Here are a few tips for avoiding time change pitfalls. 

•  Make a gradual shift. Start going to bed and getting up 10-15 minutes earlier or later (depending on the specific time change) several days before the change. 

•  Stick to your sleep schedule. Once the change has occurred, go to bed and get up at normal times.

•  Maintain good sleep hygiene. Sleep in a cool room with no TV or computer screen distractions.

•  Get out in the sun. Soak in that Vitamin D when you can, even if it’s just for a short walk.

•  Limit caffeine intake. Especially in the afternoon. Eliminate it at night.

How do you feel about biannual time changes, including the one coming up in three weeks? Feel free to respond in the comments section below.


  • william onderlinde - October 16, 2023

    Like most of us, I like the longer daylight hours. The shorter days are a real BUMMER. I REALLY don’t like driving home or to work in the dark.
    Germany is really bad for this during the winter since you can go for DAYS with overcast skies, and then made worse by shorter days.
    Now we all KNOW that we are stuck with the periods of daylight/darkness as they are. DUH!
    I can’t see how a magic window of always being near daylight when you wake up and driving to/from work is possible.
    Last thought: Here in San Antonio, TX I noticed how gradual the shift to the extra daylight of DST is, and how SHARP the drop off is the closer we get to Standard. For some reason I didn’t notice this before. Maybe it’s me, maybe there’s a reason for it.

  • Phylis J Davidson - October 16, 2023

    Putting it on the ballot sounds like a good idea. I prefer daylight longer.

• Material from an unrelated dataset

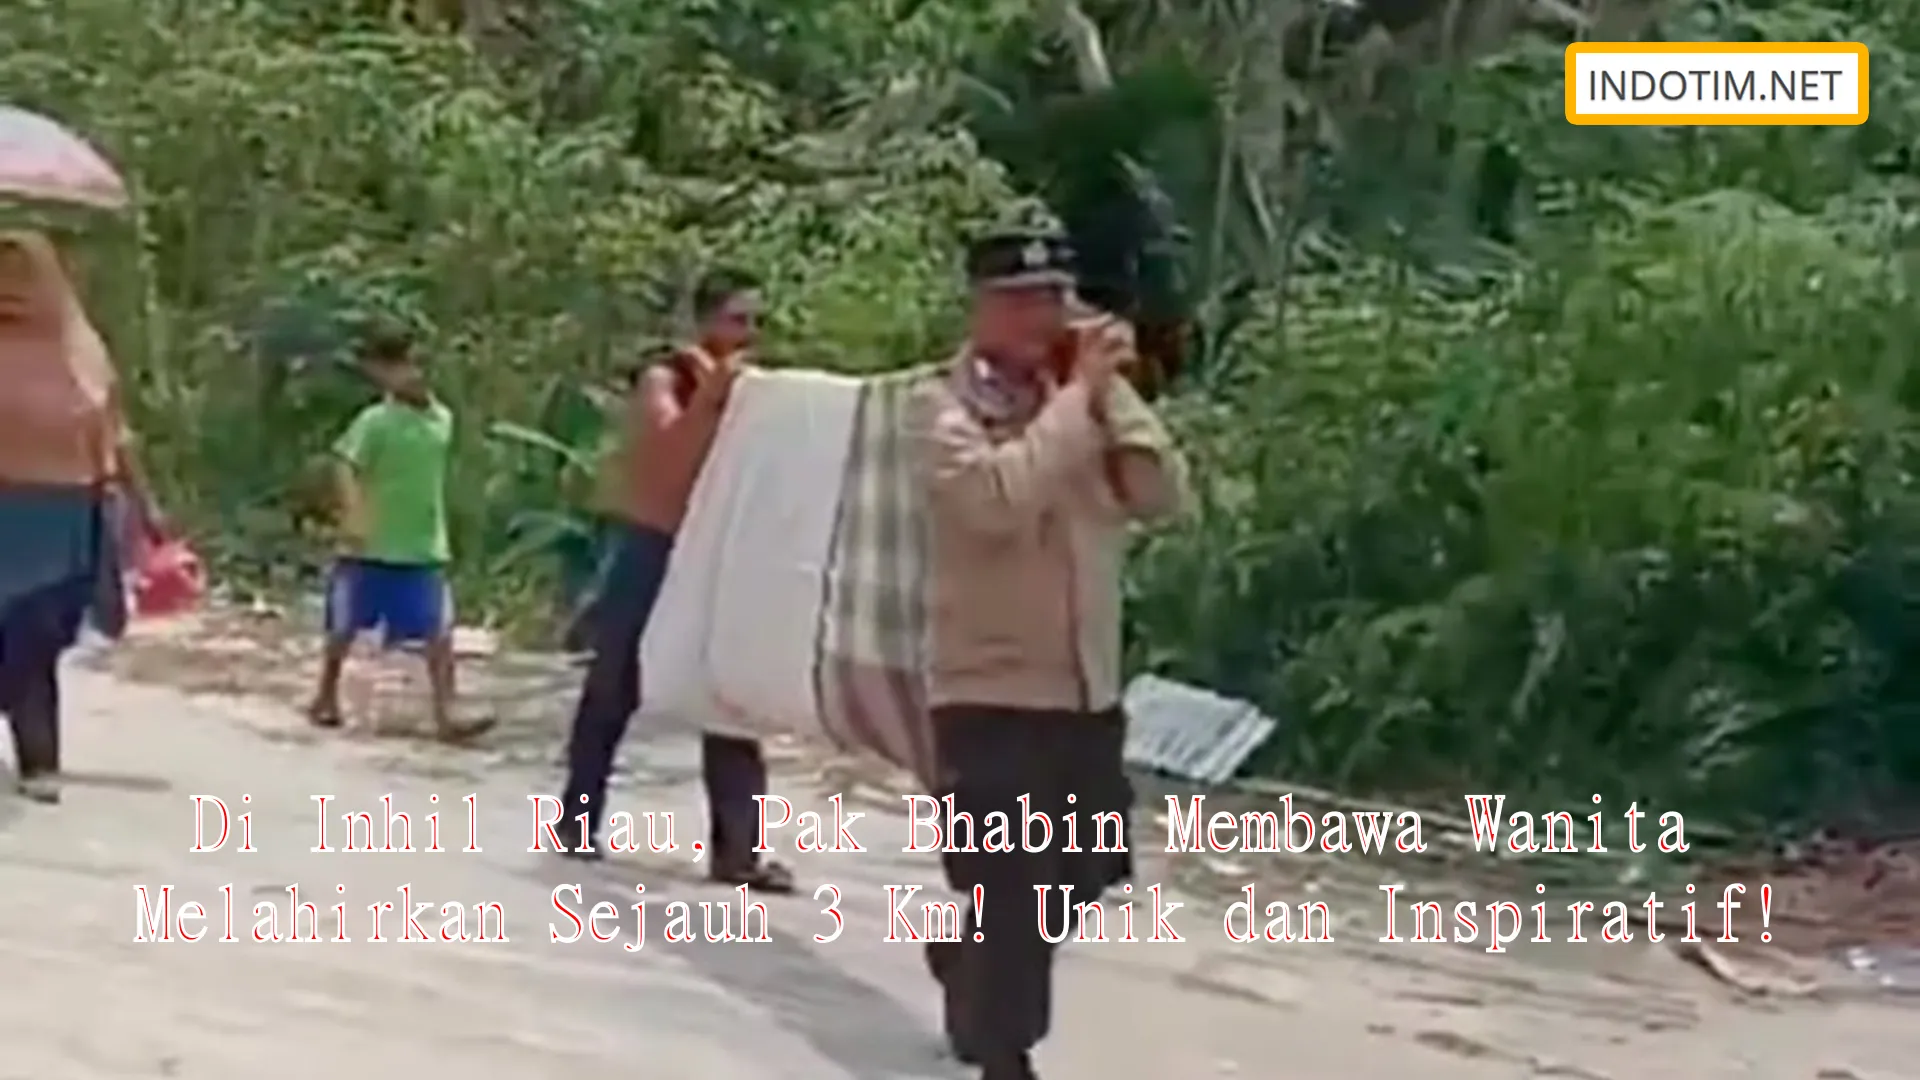 Di Inhil Riau, Pak Bhabin Membawa Wanita Melahirkan Sejauh 3 Km! Unik dan Inspiratif!

  • Nancy in Oregon - October 16, 2023

    I AM AGAINST TIME CHANGE. I have the fortunate situation of bring retired, where time is not as constrained. I do not have to subject myself to a forced circadian change,

  • Felicia - October 16, 2023

    The time change is no longer necessary or productive. It was a wartime measure. California voted to get rid of the time change approximately 6years ago and our fair CA Legislature still has not listened to the people. Supposedly there was some law that needed to be adjusted before doing so. If we had to vote again, I would still vote against it. Make it standard time or DST time all year, I don’t care… just get it done!

  • Linda - October 16, 2023

    I am for eliminating them and keeping daylight time permanent.

  • edi biggerstaff - October 16, 2023

    I hate the time change. I would like it to stay in the daylight later in the day. Many people go to work in the dark and come home in the dark. Not good for the body or mental state. It wastes time even on weekends when we need more time to take care of our life requirements, property care, etc.

  • Alvin D Watters - October 16, 2023

    Put it on the ballot

  • Raymond Pelky - October 16, 2023

    Totally against time change.

  • Ruth - October 16, 2023

    Many don’t realize but the time change also affects your pets. I know my pup Tilly will sleep longer when it’s still dark outside in the morning, she will wake up and look at the window and if it’s dark goes back to sleep.